Hi everybody,
I have multiple tables in my database which I would like to import into Elasticsearch using a single document type. One of the tables has a one-to-many relation to another table.
I will use the example as provided in the guide to explain the problem, because my problem is similar (https://www.elastic.co/guide/en/elasticsearch/guide/current/nested-objects.html). So we have blogposts (in one table) and each blogpost can have multiple comments (in another table, linked with a one-to-many relation). Representing comments as Arrays of Inner Objects does not work for us, because we would loose the correlation between the different attributes of a comment as stated in the Guide. A solution is the use of Nested Objects, by mapping the comments field as type nested.

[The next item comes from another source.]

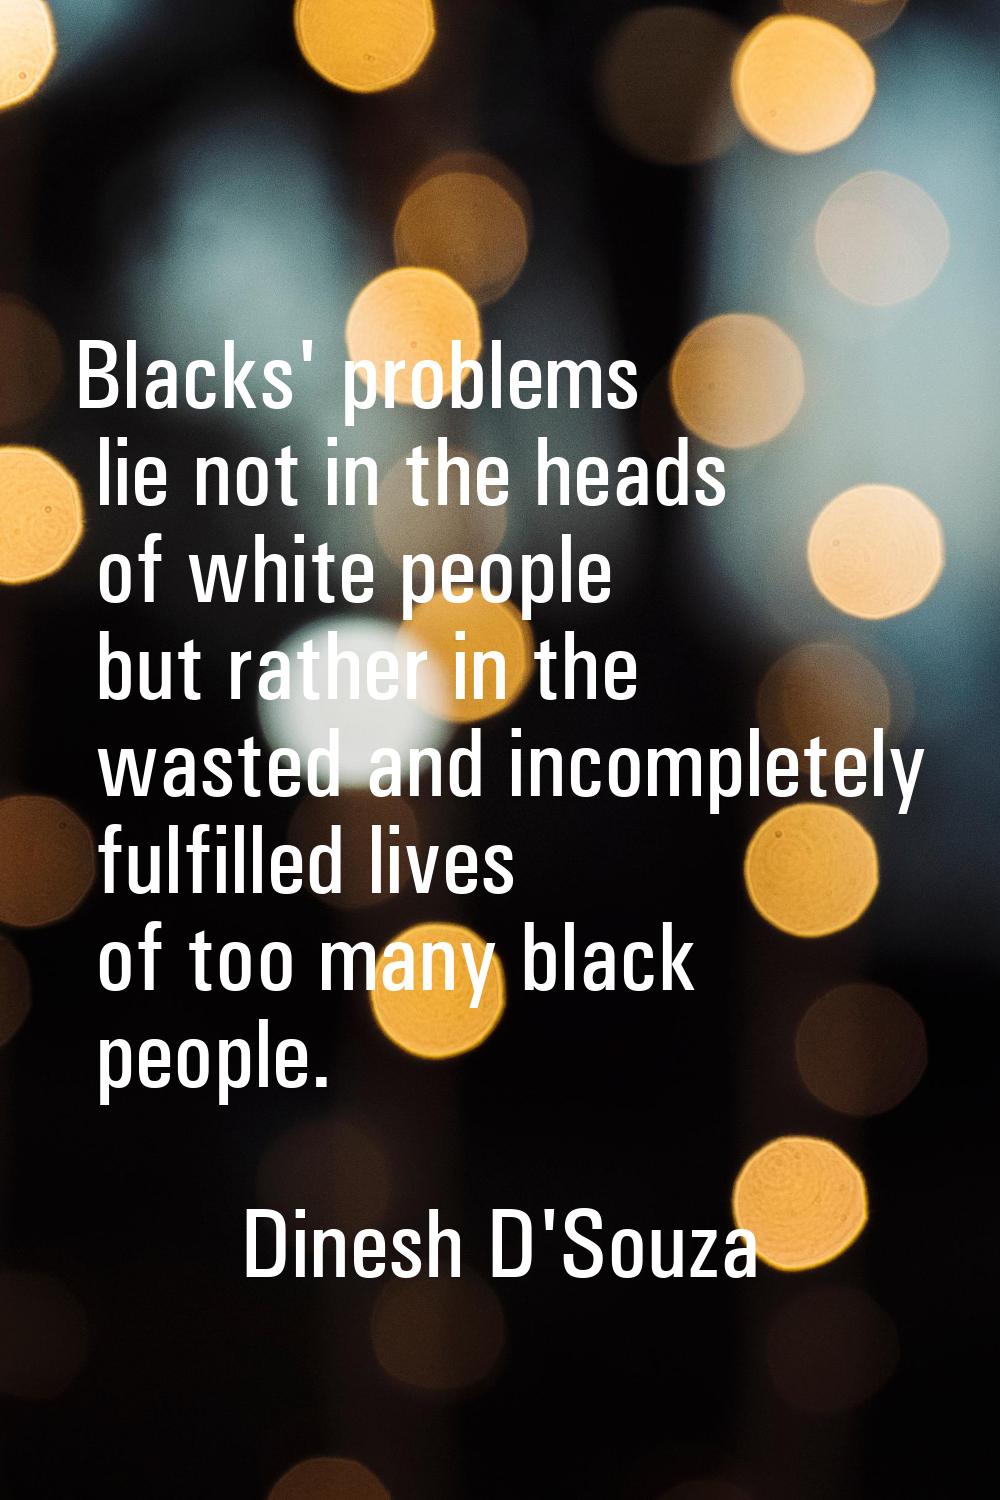 Blacks' problems lie not in the heads of white people but rather in the wasted and incompletely ful

This would be a valid output to Elasticsearch:
{
 { 
   "comments.id":      [ 11 ],
   "comments.name":    [ john, smith ],
   "comments.comment": [ article, great ],
   "comments.age":     [ 28 ],
   "comments.stars":   [ 4 ],
   "comments.date":    [ 2014-09-01 ]
 }
 { 
   "comments.id":      [ 12 ],
   "comments.name":    [ alice, white ],
   "comments.comment": [ like, more, please, this ],
   "comments.age":     [ 31 ],
   "comments.stars":   [ 5 ],
   "comments.date":    [ 2014-10-22 ]
 }
 { 
   "id":               [ 1 ],
   "title":            [ eggs, nest ],
    "body":            [ making, money, work, your ],
   "tags":             [ cash, shares ]
 }
}
I used the following nested mapping: (mostly obtained from the guide)
PUT /my_index
{
  "mappings": {
    "blogpost": {
      "properties": {
        "comments": {
          "type": "nested", 
          "properties": {
	   "id":       { "type": "number"  },
            "name":    { "type": "string"  },
            "comment": { "type": "string"  },
            "age":     { "type": "short"   },
            "stars":   { "type": "short"   },
            "date":    { "type": "date"    }
          }
        }
      }
    }
  }
}
The statement below shows the relevant configuration to import data from jdbc using logstash:
input {
  jdbc {
    ...
     statement => "SELECT * FROM blogpost LEFT JOIN comments ON blogpost.id = comments.id ORDER BY blogpost.id"
    ...
  }
}
However, when looking what has been imported into ES I see that for each comment another event is generated instead of a single event per blogpost with comments as nested objects. I have not found how to implement this functionality, but here (https://github.com/jprante/elasticsearch-jdbc#structured-objects) this functionality is used. How should I proceed with importing to get a single event per blogpost with its comments as nested objects?
Thank you.
Daan